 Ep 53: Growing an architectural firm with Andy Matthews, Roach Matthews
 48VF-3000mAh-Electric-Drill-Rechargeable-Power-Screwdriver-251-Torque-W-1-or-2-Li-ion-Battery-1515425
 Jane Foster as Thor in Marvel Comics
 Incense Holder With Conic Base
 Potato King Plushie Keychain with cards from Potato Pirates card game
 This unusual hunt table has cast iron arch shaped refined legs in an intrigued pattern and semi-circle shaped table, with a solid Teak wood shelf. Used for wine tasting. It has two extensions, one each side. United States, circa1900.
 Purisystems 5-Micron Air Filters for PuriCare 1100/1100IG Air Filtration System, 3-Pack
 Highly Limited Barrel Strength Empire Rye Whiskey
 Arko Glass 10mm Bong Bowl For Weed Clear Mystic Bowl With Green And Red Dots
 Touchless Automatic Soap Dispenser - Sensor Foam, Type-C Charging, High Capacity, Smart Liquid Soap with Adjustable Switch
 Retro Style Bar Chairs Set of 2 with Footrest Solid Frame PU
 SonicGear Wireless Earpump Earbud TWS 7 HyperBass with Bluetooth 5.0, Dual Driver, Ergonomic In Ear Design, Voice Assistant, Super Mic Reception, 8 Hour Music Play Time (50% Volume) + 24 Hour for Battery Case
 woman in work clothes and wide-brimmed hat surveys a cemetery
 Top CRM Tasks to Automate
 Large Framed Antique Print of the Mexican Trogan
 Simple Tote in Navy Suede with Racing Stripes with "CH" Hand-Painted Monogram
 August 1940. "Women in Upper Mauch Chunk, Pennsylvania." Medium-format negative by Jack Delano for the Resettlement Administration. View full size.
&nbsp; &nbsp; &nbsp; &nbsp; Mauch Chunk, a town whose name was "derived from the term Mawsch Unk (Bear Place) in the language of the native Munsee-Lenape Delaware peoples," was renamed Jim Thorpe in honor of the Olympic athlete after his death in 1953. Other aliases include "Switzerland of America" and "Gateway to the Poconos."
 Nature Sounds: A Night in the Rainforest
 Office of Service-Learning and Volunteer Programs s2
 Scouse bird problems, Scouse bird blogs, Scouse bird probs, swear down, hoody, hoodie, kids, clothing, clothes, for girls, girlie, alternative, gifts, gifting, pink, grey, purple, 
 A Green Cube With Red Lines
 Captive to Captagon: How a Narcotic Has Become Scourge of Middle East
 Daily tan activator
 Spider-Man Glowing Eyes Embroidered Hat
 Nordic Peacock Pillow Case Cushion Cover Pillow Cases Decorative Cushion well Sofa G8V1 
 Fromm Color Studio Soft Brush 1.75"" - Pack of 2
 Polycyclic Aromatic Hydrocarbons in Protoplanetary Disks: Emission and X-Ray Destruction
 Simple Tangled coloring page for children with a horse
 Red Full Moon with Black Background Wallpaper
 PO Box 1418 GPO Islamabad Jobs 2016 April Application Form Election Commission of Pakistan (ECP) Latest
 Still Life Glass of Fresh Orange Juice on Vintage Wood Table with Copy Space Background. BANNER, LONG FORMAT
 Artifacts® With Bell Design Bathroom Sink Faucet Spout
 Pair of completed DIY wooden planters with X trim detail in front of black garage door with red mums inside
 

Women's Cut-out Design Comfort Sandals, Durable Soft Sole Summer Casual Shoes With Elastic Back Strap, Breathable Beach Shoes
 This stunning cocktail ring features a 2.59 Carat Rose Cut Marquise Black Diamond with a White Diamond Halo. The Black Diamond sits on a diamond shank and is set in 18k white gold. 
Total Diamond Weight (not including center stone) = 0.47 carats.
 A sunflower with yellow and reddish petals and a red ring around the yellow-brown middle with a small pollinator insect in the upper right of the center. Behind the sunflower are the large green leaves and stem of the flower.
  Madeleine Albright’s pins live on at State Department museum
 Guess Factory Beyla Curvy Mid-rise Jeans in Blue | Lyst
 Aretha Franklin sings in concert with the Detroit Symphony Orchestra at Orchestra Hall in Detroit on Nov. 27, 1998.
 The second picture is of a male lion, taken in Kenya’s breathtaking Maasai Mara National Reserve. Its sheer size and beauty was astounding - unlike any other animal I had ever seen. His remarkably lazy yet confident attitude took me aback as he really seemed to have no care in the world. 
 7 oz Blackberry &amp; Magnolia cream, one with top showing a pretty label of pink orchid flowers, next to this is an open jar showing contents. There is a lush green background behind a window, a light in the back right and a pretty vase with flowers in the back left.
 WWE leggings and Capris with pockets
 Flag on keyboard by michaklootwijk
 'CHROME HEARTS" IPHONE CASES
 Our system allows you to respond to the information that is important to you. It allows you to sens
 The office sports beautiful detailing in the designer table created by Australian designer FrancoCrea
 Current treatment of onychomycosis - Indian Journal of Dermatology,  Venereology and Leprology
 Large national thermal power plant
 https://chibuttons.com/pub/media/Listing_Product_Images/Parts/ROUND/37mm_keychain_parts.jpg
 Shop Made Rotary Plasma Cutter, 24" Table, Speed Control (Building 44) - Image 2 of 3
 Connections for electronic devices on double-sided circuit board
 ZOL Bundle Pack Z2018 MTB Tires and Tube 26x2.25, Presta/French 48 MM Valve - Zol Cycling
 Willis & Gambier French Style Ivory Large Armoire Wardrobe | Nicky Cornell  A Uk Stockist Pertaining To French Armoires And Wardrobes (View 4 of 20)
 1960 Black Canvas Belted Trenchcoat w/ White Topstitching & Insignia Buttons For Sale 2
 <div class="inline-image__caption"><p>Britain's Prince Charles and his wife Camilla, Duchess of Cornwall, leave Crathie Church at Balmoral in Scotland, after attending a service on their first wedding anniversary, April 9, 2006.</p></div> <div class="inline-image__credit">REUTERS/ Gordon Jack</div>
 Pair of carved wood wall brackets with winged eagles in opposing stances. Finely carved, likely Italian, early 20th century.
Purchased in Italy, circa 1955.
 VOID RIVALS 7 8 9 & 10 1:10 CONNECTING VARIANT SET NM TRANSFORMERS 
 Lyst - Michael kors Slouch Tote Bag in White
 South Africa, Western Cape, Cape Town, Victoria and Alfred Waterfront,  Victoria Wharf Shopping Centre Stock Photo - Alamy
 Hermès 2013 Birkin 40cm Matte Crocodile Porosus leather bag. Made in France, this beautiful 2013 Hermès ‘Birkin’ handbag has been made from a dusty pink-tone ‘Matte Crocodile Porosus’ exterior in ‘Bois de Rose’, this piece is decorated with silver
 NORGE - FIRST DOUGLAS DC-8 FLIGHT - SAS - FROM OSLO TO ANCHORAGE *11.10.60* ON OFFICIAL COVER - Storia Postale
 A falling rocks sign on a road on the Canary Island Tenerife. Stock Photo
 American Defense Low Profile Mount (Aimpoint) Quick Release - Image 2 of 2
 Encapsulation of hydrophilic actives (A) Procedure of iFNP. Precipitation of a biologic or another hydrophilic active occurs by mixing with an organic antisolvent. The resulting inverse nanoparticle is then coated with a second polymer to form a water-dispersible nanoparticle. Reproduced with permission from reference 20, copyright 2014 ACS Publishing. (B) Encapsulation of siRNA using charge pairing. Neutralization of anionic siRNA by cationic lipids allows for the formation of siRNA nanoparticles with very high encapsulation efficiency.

— Problem —
All of the material shown above should be written out exactly.

— Answer box —
 Ep 53: Growing an architectural firm with Andy Matthews, Roach Matthews
 48VF-3000mAh-Electric-Drill-Rechargeable-Power-Screwdriver-251-Torque-W-1-or-2-Li-ion-Battery-1515425
 Jane Foster as Thor in Marvel Comics
 Incense Holder With Conic Base
 Potato King Plushie Keychain with cards from Potato Pirates card game
 This unusual hunt table has cast iron arch shaped refined legs in an intrigued pattern and semi-circle shaped table, with a solid Teak wood shelf. Used for wine tasting. It has two extensions, one each side. United States, circa1900.
 Purisystems 5-Micron Air Filters for PuriCare 1100/1100IG Air Filtration System, 3-Pack
 Highly Limited Barrel Strength Empire Rye Whiskey
 Arko Glass 10mm Bong Bowl For Weed Clear Mystic Bowl With Green And Red Dots
 Touchless Automatic Soap Dispenser - Sensor Foam, Type-C Charging, High Capacity, Smart Liquid Soap with Adjustable Switch
 Retro Style Bar Chairs Set of 2 with Footrest Solid Frame PU
 SonicGear Wireless Earpump Earbud TWS 7 HyperBass with Bluetooth 5.0, Dual Driver, Ergonomic In Ear Design, Voice Assistant, Super Mic Reception, 8 Hour Music Play Time (50% Volume) + 24 Hour for Battery Case
 woman in work clothes and wide-brimmed hat surveys a cemetery
 Top CRM Tasks to Automate
 Large Framed Antique Print of the Mexican Trogan
 Simple Tote in Navy Suede with Racing Stripes with "CH" Hand-Painted Monogram
 August 1940. "Women in Upper Mauch Chunk, Pennsylvania." Medium-format negative by Jack Delano for the Resettlement Administration. View full size.
&nbsp; &nbsp; &nbsp; &nbsp; Mauch Chunk, a town whose name was "derived from the term Mawsch Unk (Bear Place) in the language of the native Munsee-Lenape Delaware peoples," was renamed Jim Thorpe in honor of the Olympic athlete after his death in 1953. Other aliases include "Switzerland of America" and "Gateway to the Poconos."
 Nature Sounds: A Night in the Rainforest
 Office of Service-Learning and Volunteer Programs s2
 Scouse bird problems, Scouse bird blogs, Scouse bird probs, swear down, hoody, hoodie, kids, clothing, clothes, for girls, girlie, alternative, gifts, gifting, pink, grey, purple, 
 A Green Cube With Red Lines
 Captive to Captagon: How a Narcotic Has Become Scourge of Middle East
 Daily tan activator
 Spider-Man Glowing Eyes Embroidered Hat
 Nordic Peacock Pillow Case Cushion Cover Pillow Cases Decorative Cushion well Sofa G8V1 
 Fromm Color Studio Soft Brush 1.75"" - Pack of 2
 Polycyclic Aromatic Hydrocarbons in Protoplanetary Disks: Emission and X-Ray Destruction
 Simple Tangled coloring page for children with a horse
 Red Full Moon with Black Background Wallpaper
 PO Box 1418 GPO Islamabad Jobs 2016 April Application Form Election Commission of Pakistan (ECP) Latest
 Still Life Glass of Fresh Orange Juice on Vintage Wood Table with Copy Space Background. BANNER, LONG FORMAT
 Artifacts® With Bell Design Bathroom Sink Faucet Spout
 Pair of completed DIY wooden planters with X trim detail in front of black garage door with red mums inside
 

Women's Cut-out Design Comfort Sandals, Durable Soft Sole Summer Casual Shoes With Elastic Back Strap, Breathable Beach Shoes
 This stunning cocktail ring features a 2.59 Carat Rose Cut Marquise Black Diamond with a White Diamond Halo. The Black Diamond sits on a diamond shank and is set in 18k white gold. 
Total Diamond Weight (not including center stone) = 0.47 carats.
 A sunflower with yellow and reddish petals and a red ring around the yellow-brown middle with a small pollinator insect in the upper right of the center. Behind the sunflower are the large green leaves and stem of the flower.
  Madeleine Albright’s pins live on at State Department museum
 Guess Factory Beyla Curvy Mid-rise Jeans in Blue | Lyst
 Aretha Franklin sings in concert with the Detroit Symphony Orchestra at Orchestra Hall in Detroit on Nov. 27, 1998.
 The second picture is of a male lion, taken in Kenya’s breathtaking Maasai Mara National Reserve. Its sheer size and beauty was astounding - unlike any other animal I had ever seen. His remarkably lazy yet confident attitude took me aback as he really seemed to have no care in the world. 
 7 oz Blackberry &amp; Magnolia cream, one with top showing a pretty label of pink orchid flowers, next to this is an open jar showing contents. There is a lush green background behind a window, a light in the back right and a pretty vase with flowers in the back left.
 WWE leggings and Capris with pockets
 Flag on keyboard by michaklootwijk
 'CHROME HEARTS" IPHONE CASES
 Our system allows you to respond to the information that is important to you. It allows you to sens
 The office sports beautiful detailing in the designer table created by Australian designer FrancoCrea
 Current treatment of onychomycosis - Indian Journal of Dermatology,  Venereology and Leprology
 Large national thermal power plant
 https://chibuttons.com/pub/media/Listing_Product_Images/Parts/ROUND/37mm_keychain_parts.jpg
 Shop Made Rotary Plasma Cutter, 24" Table, Speed Control (Building 44) - Image 2 of 3
 Connections for electronic devices on double-sided circuit board
 ZOL Bundle Pack Z2018 MTB Tires and Tube 26x2.25, Presta/French 48 MM Valve - Zol Cycling
 Willis & Gambier French Style Ivory Large Armoire Wardrobe | Nicky Cornell  A Uk Stockist Pertaining To French Armoires And Wardrobes (View 4 of 20)
 1960 Black Canvas Belted Trenchcoat w/ White Topstitching & Insignia Buttons For Sale 2
 <div class="inline-image__caption"><p>Britain's Prince Charles and his wife Camilla, Duchess of Cornwall, leave Crathie Church at Balmoral in Scotland, after attending a service on their first wedding anniversary, April 9, 2006.</p></div> <div class="inline-image__credit">REUTERS/ Gordon Jack</div>
 Pair of carved wood wall brackets with winged eagles in opposing stances. Finely carved, likely Italian, early 20th century.
Purchased in Italy, circa 1955.
 VOID RIVALS 7 8 9 & 10 1:10 CONNECTING VARIANT SET NM TRANSFORMERS 
 Lyst - Michael kors Slouch Tote Bag in White
 South Africa, Western Cape, Cape Town, Victoria and Alfred Waterfront,  Victoria Wharf Shopping Centre Stock Photo - Alamy
 Hermès 2013 Birkin 40cm Matte Crocodile Porosus leather bag. Made in France, this beautiful 2013 Hermès ‘Birkin’ handbag has been made from a dusty pink-tone ‘Matte Crocodile Porosus’ exterior in ‘Bois de Rose’, this piece is decorated with silver
 NORGE - FIRST DOUGLAS DC-8 FLIGHT - SAS - FROM OSLO TO ANCHORAGE *11.10.60* ON OFFICIAL COVER - Storia Postale
 A falling rocks sign on a road on the Canary Island Tenerife. Stock Photo
 American Defense Low Profile Mount (Aimpoint) Quick Release - Image 2 of 2
 Encapsulation of hydrophilic actives (A) Procedure of iFNP. Precipitation of a biologic or another hydrophilic active occurs by mixing with an organic antisolvent. The resulting inverse nanoparticle is then coated with a second polymer to form a water-dispersible nanoparticle. Reproduced with permission from reference 20, copyright 2014 ACS Publishing. (B) Encapsulation of siRNA using charge pairing. Neutralization of anionic siRNA by cationic lipids allows for the formation of siRNA nanoparticles with very high encapsulation efficiency.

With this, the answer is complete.